**Recorded information**
──────────
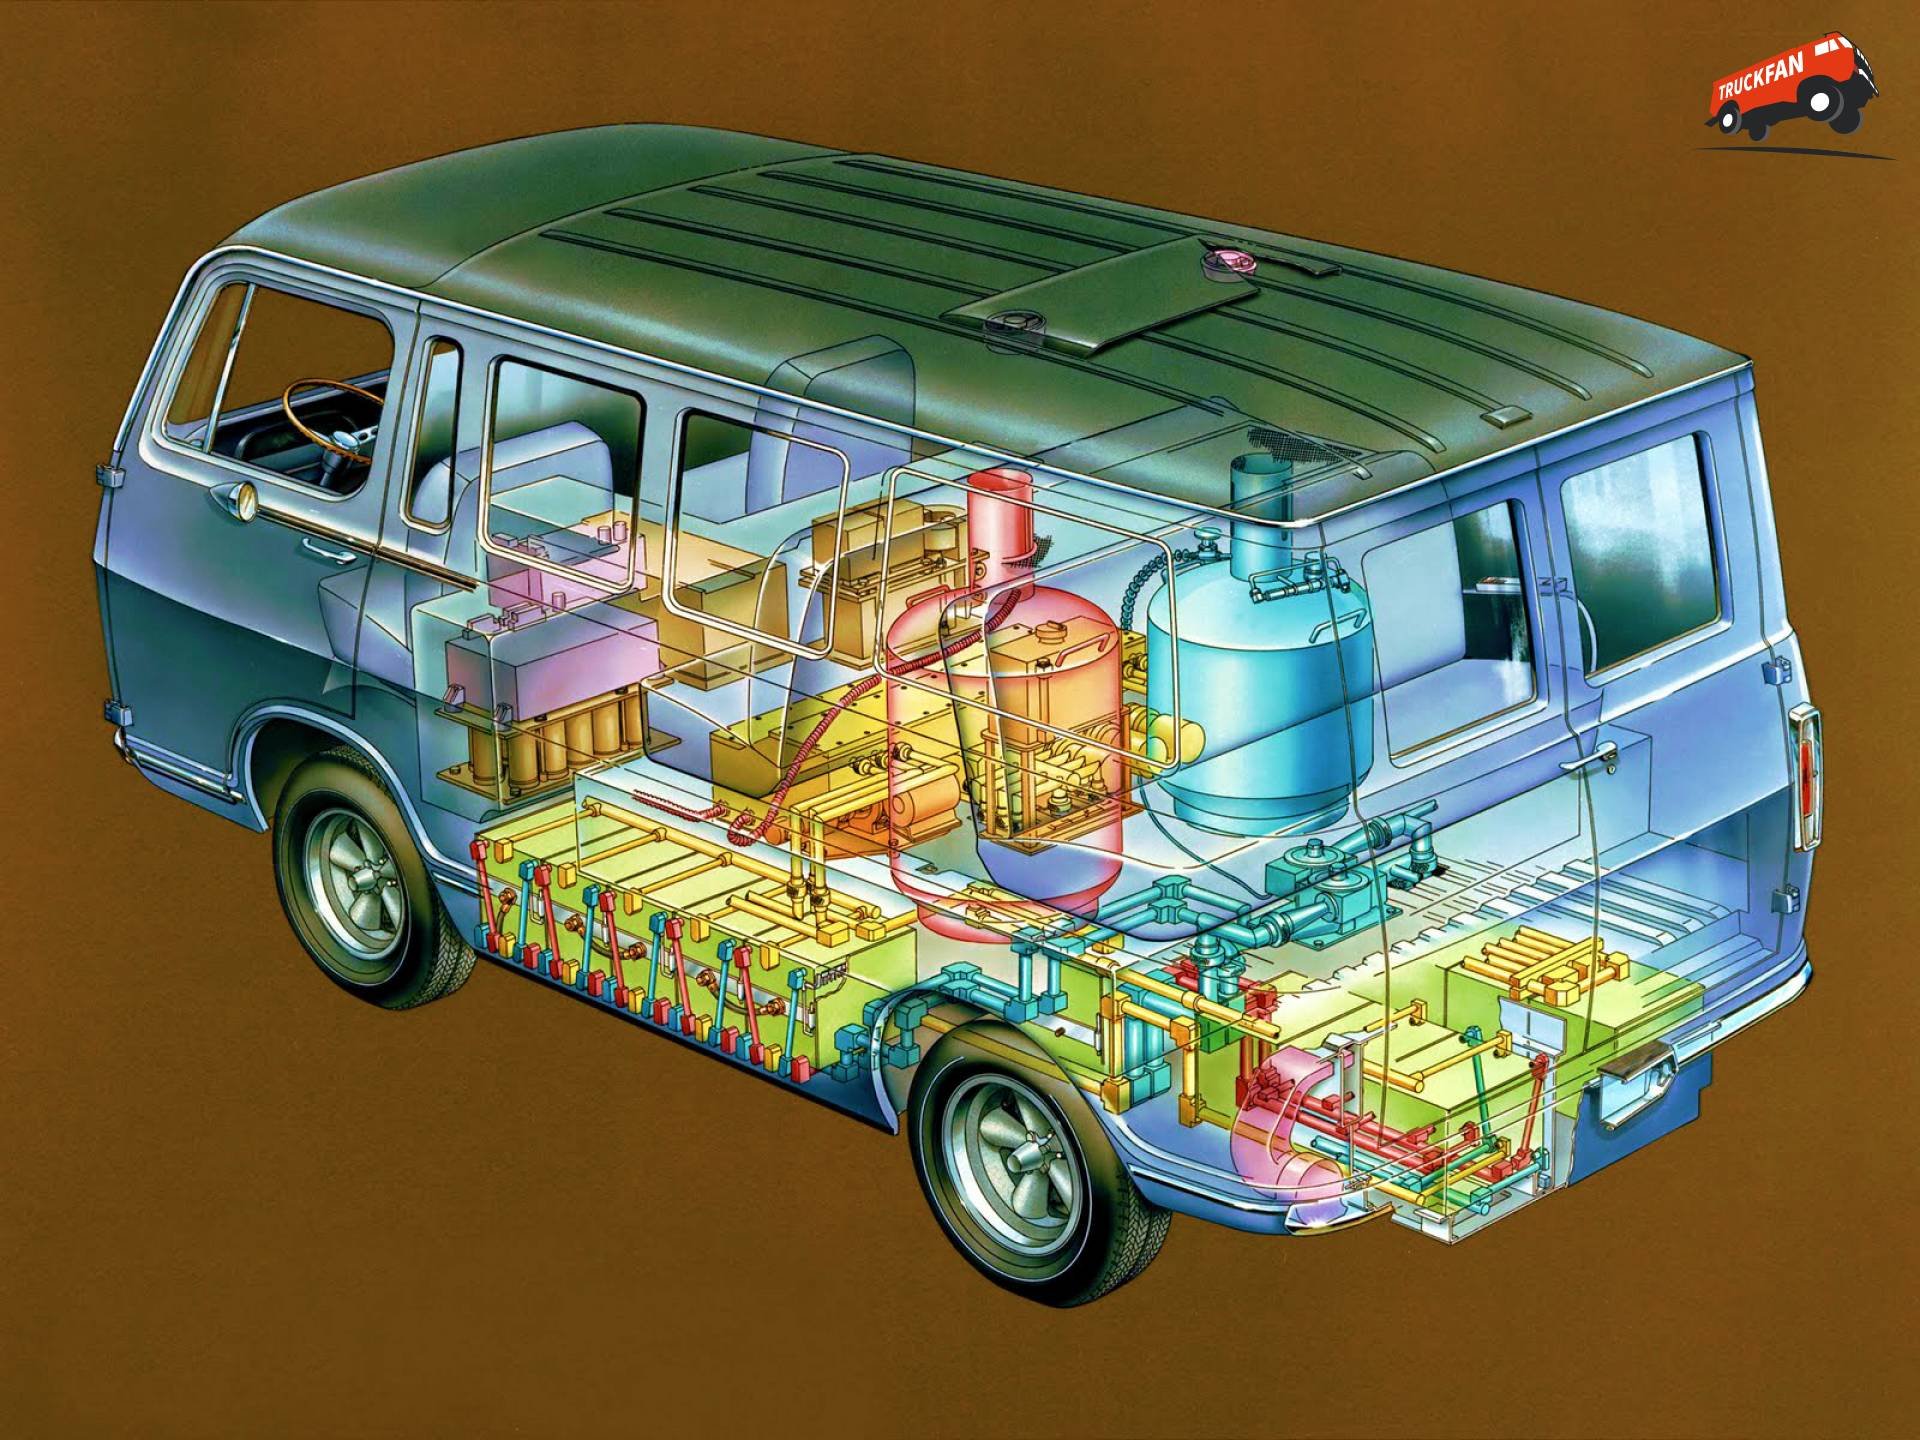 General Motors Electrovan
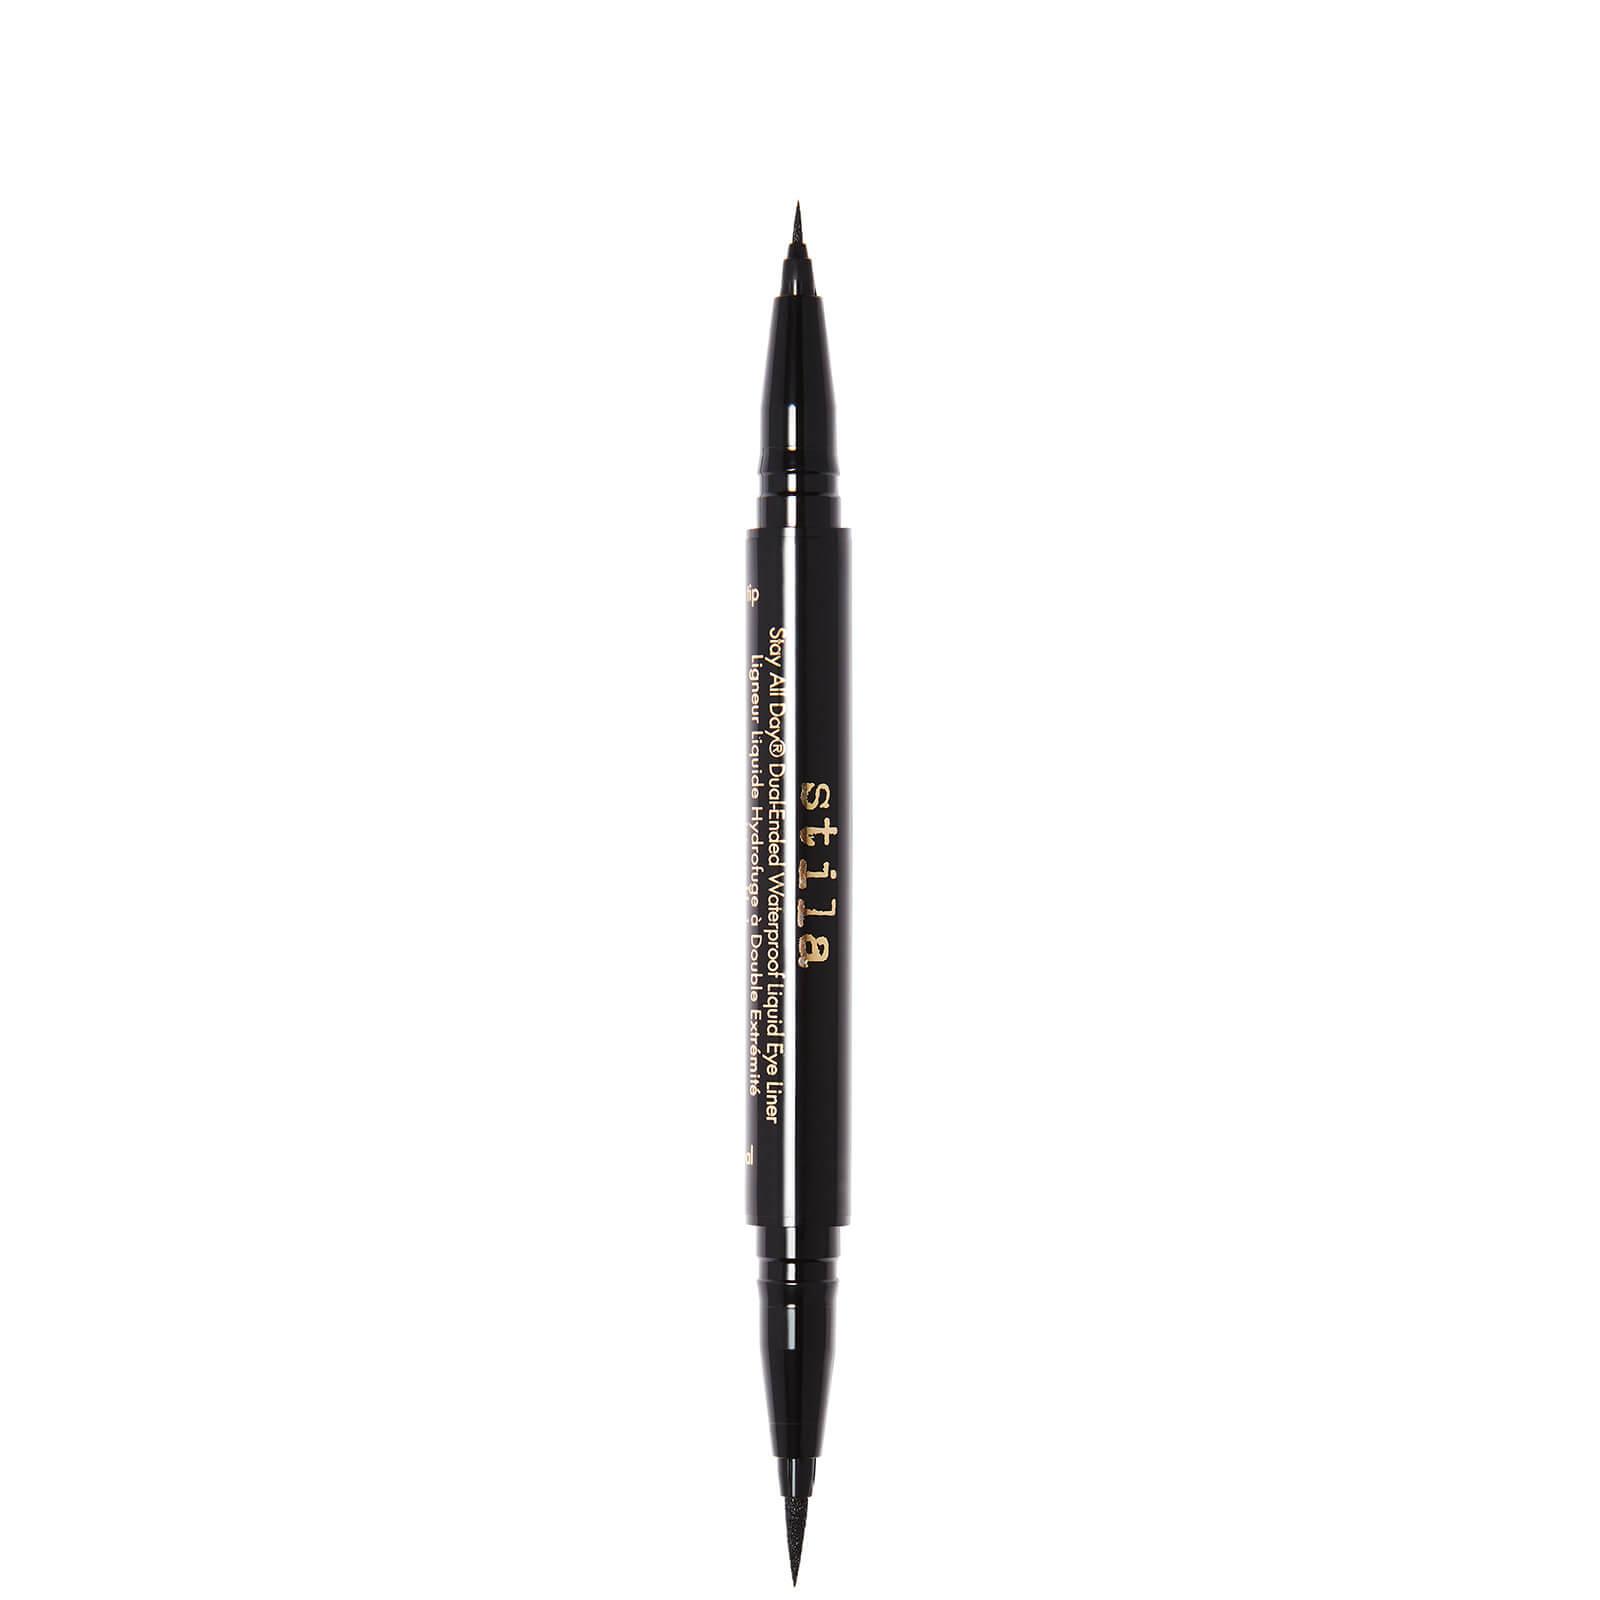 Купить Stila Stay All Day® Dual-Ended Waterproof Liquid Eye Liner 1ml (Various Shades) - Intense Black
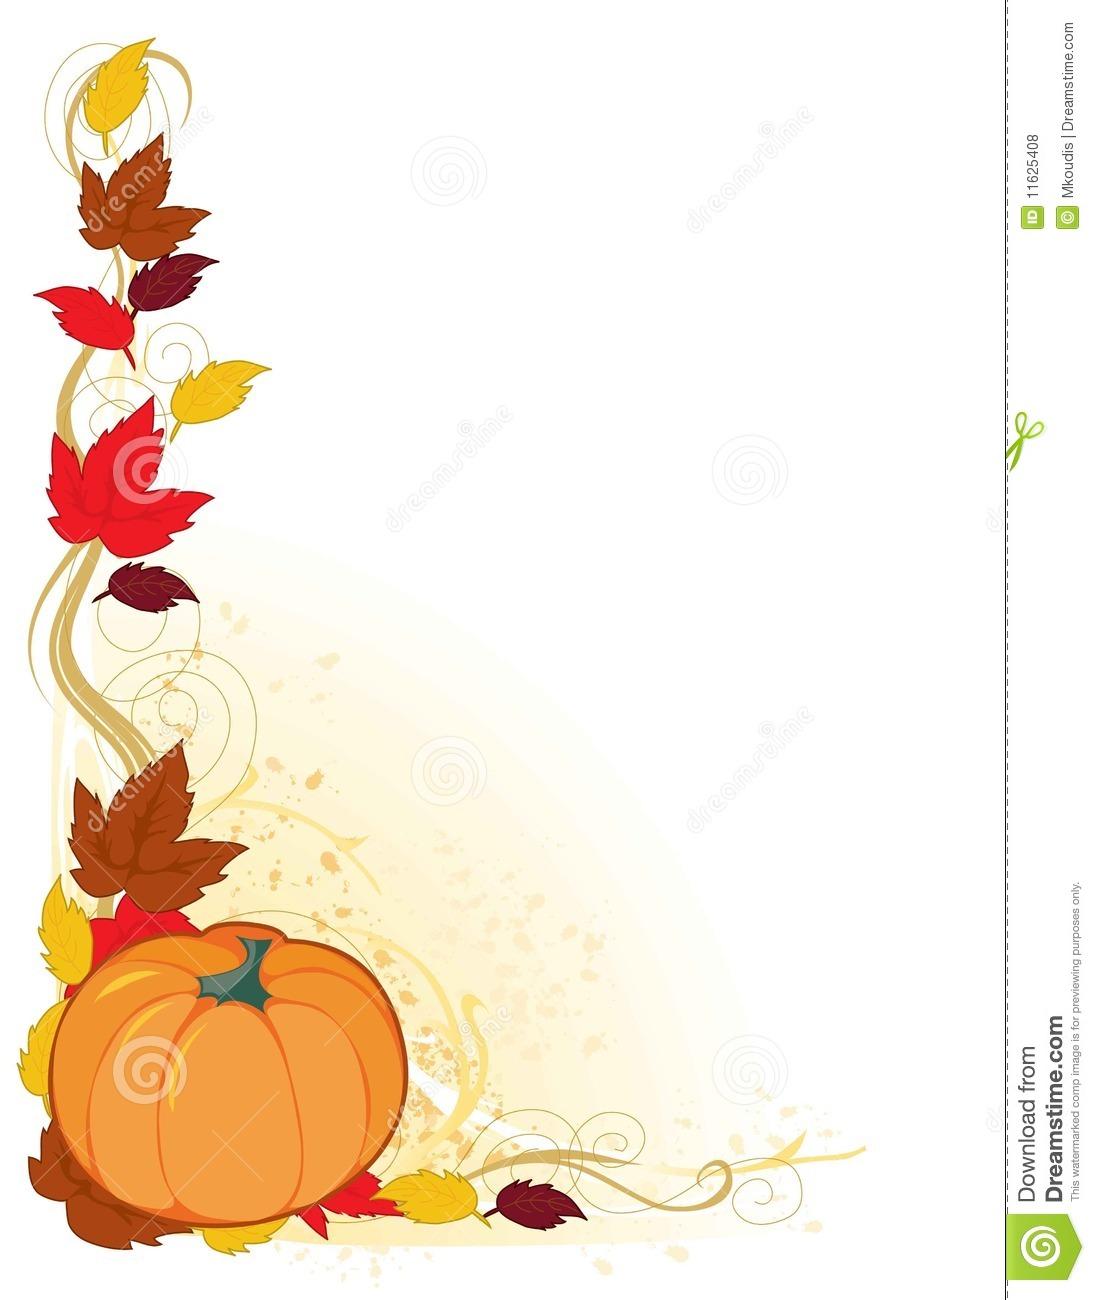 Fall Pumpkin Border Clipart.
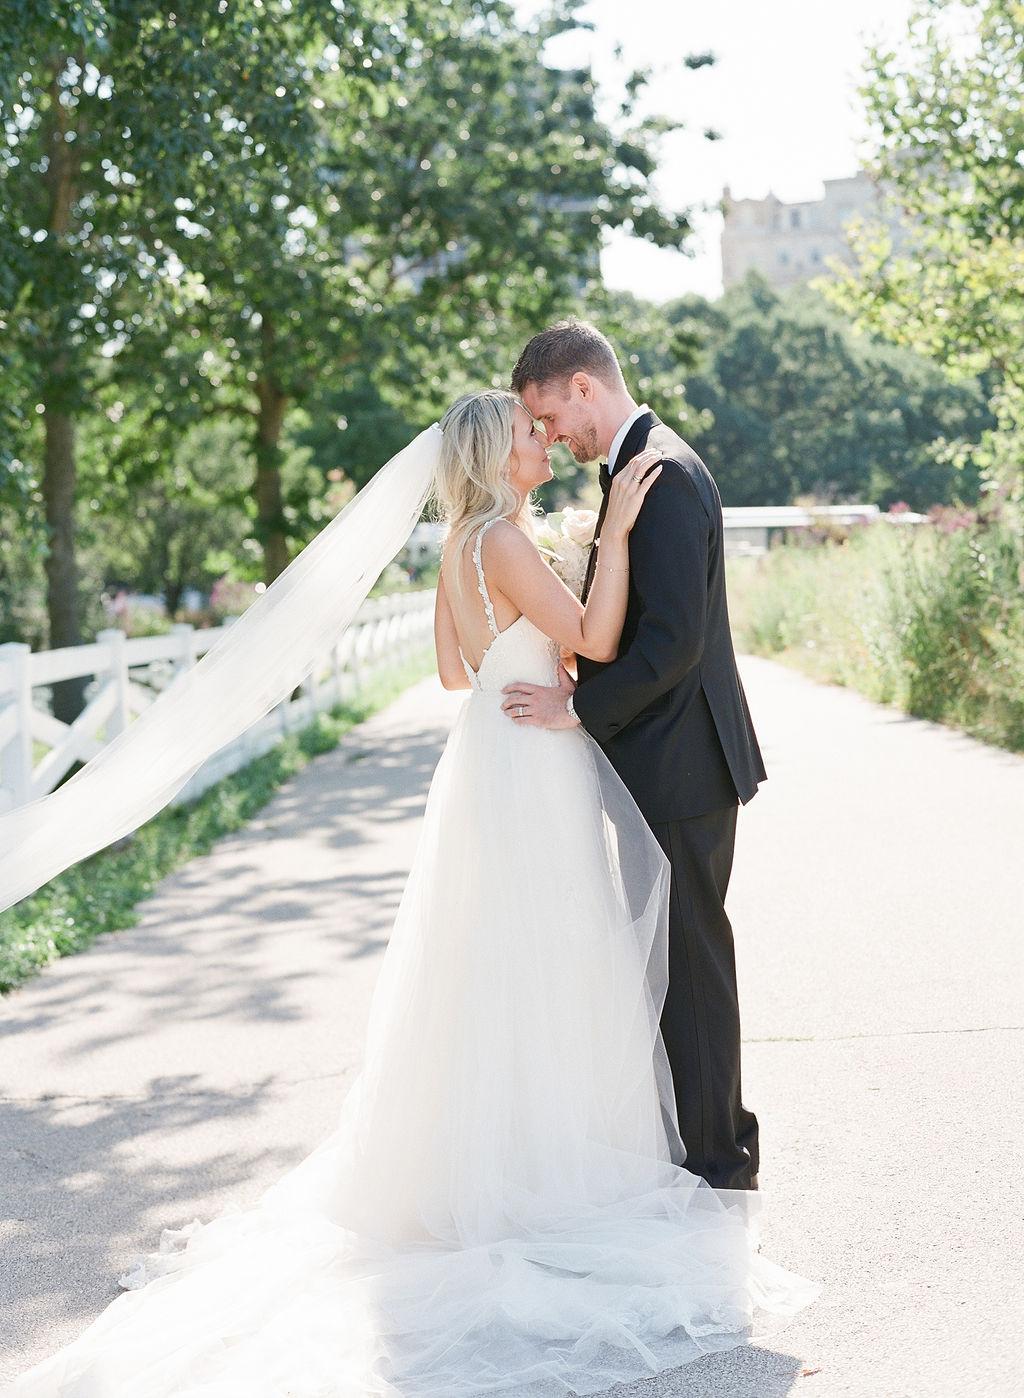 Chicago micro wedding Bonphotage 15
──────────
**Task item**
Pictures must be left out. Return verbatim only the lines from the line with "Купить Stila Stay" through the final line of the material above, including both ends.

**Response box**
 Купить Stila Stay All Day® Dual-Ended Waterproof Liquid Eye Liner 1ml (Various Shades) - Intense Black
 Fall Pumpkin Border Clipart.
 Chicago micro wedding Bonphotage 15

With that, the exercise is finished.